(ITS#7677) slapd crashes when modifying cn=config - openldap-bugs

30 Aug 2013


      Full_Name: Oliver Loch
Version: 2.4.36
OS: Ubuntu 13.04
URL: ftp://ftp.openldap.org/incoming/
Submission from: (NULL) (88.134.35.240)
Hi,
when chaning TLS related configuration in cn=config, slapd crashes.
The slapd version 2.4.36 I'm using are packages that I built on my own with the
help of the original Debian (!) source packages for 2.4.35. Even if the source
packages come from Debian, they have been built on Ubuntu 13.04 and are used on
Ubuntu 13.04. There are no "binary parts" of Debian involved in any way. If you
want the source packages, just let me know.
I kicked a lot of patches including the GNUTLS stuff and linked against
OpenSSL.
# ldd $(which slapd)
        linux-vdso.so.1 =>  (0x00007fffeddfe000)
        libldap_r-2.4.so.2 => /usr/lib/x86_64-linux-gnu/libldap_r-2.4.so.2
(0x00007f0a66da9000)
        liblber-2.4.so.2 => /usr/lib/x86_64-linux-gnu/liblber-2.4.so.2
(0x00007f0a66b9b000)
        libslp.so.1 => /usr/lib/libslp.so.1 (0x00007f0a66988000)
        libsasl2.so.2 => /usr/lib/x86_64-linux-gnu/libsasl2.so.2
(0x00007f0a6676d000)
        libcrypt.so.1 => /lib/x86_64-linux-gnu/libcrypt.so.1
(0x00007f0a66534000)
        libslapi-2.4.so.2 => /usr/lib/x86_64-linux-gnu/libslapi-2.4.so.2
(0x00007f0a66315000)
        libltdl.so.7 => /usr/lib/x86_64-linux-gnu/libltdl.so.7
(0x00007f0a6610b000)
        libwrap.so.0 => /lib/x86_64-linux-gnu/libwrap.so.0 (0x00007f0a65f01000)

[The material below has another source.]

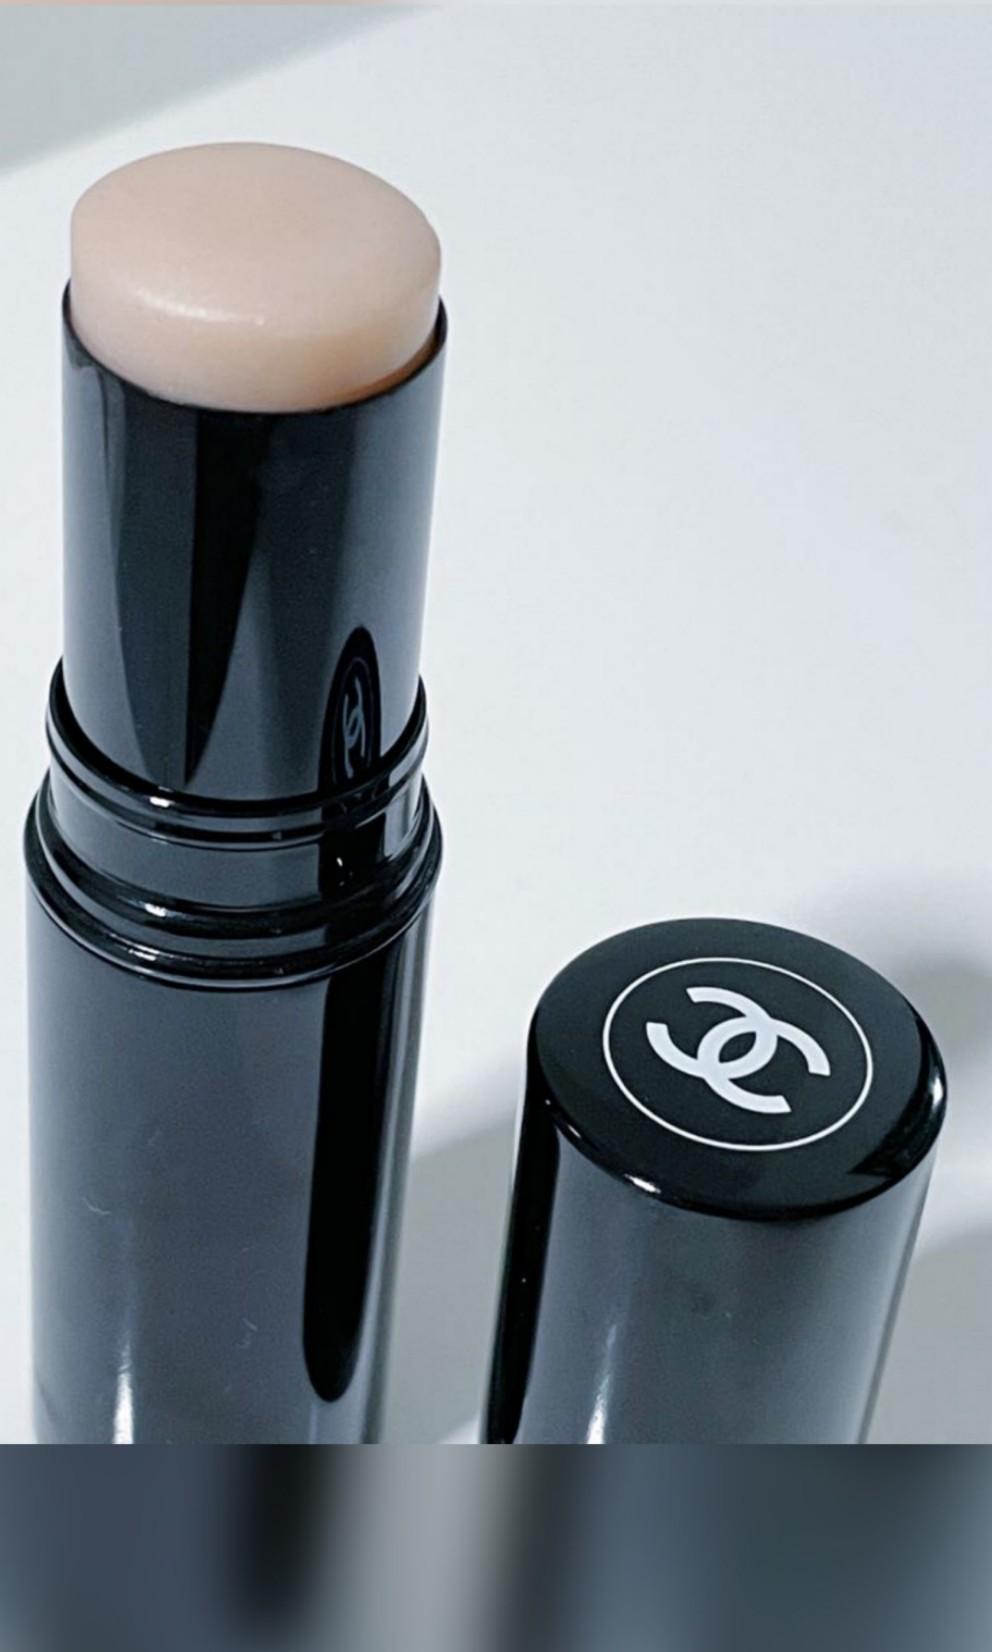 CHANEL, Makeup, Chanel Baume Essentiel Multiuse Glow Stick In Transparent

        libpthread.so.0 => /lib/x86_64-linux-gnu/libpthread.so.0
(0x00007f0a65ce3000)
        libc.so.6 => /lib/x86_64-linux-gnu/libc.so.6 (0x00007f0a6591b000)

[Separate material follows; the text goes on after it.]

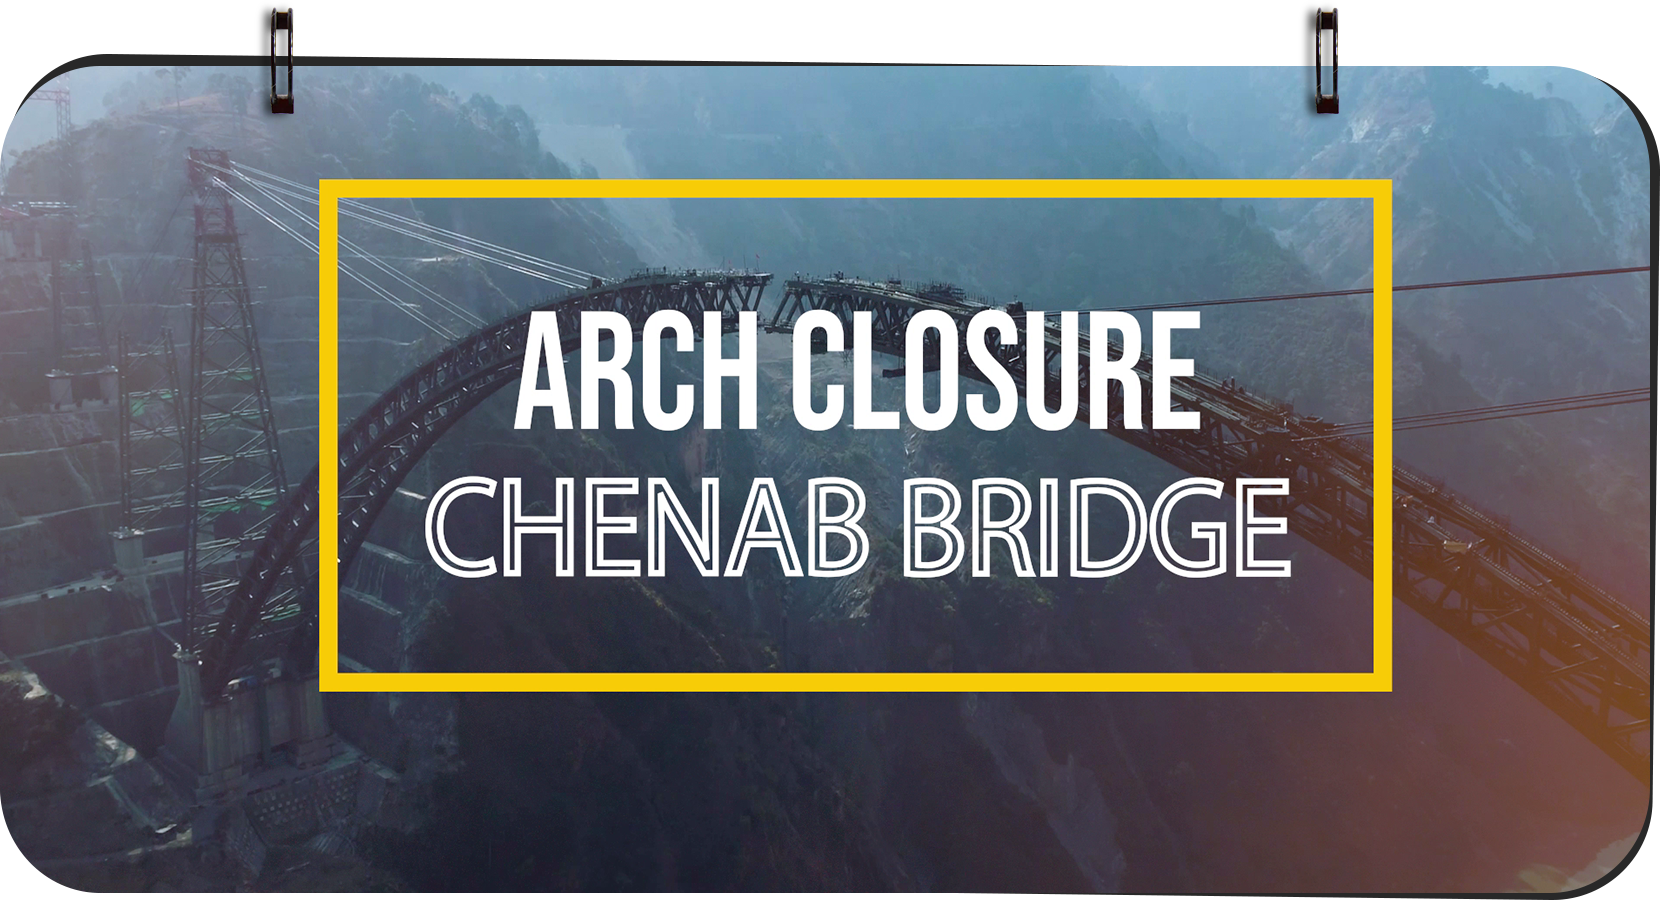 Arch Closure - Chenab Bridge

        libresolv.so.2 => /lib/x86_64-linux-gnu/libresolv.so.2
(0x00007f0a65701000)
        libssl.so.1.0.0 => /lib/x86_64-linux-gnu/libssl.so.1.0.0
(0x00007f0a654a3000)
        libcrypto.so.1.0.0 => /lib/x86_64-linux-gnu/libcrypto.so.1.0.0
(0x00007f0a650c8000)
        libdl.so.2 => /lib/x86_64-linux-gnu/libdl.so.2 (0x00007f0a64ec4000)
        libnsl.so.1 => /lib/x86_64-linux-gnu/libnsl.so.1 (0x00007f0a64ca9000)
        /lib64/ld-linux-x86-64.so.2 (0x00007f0a6738c000)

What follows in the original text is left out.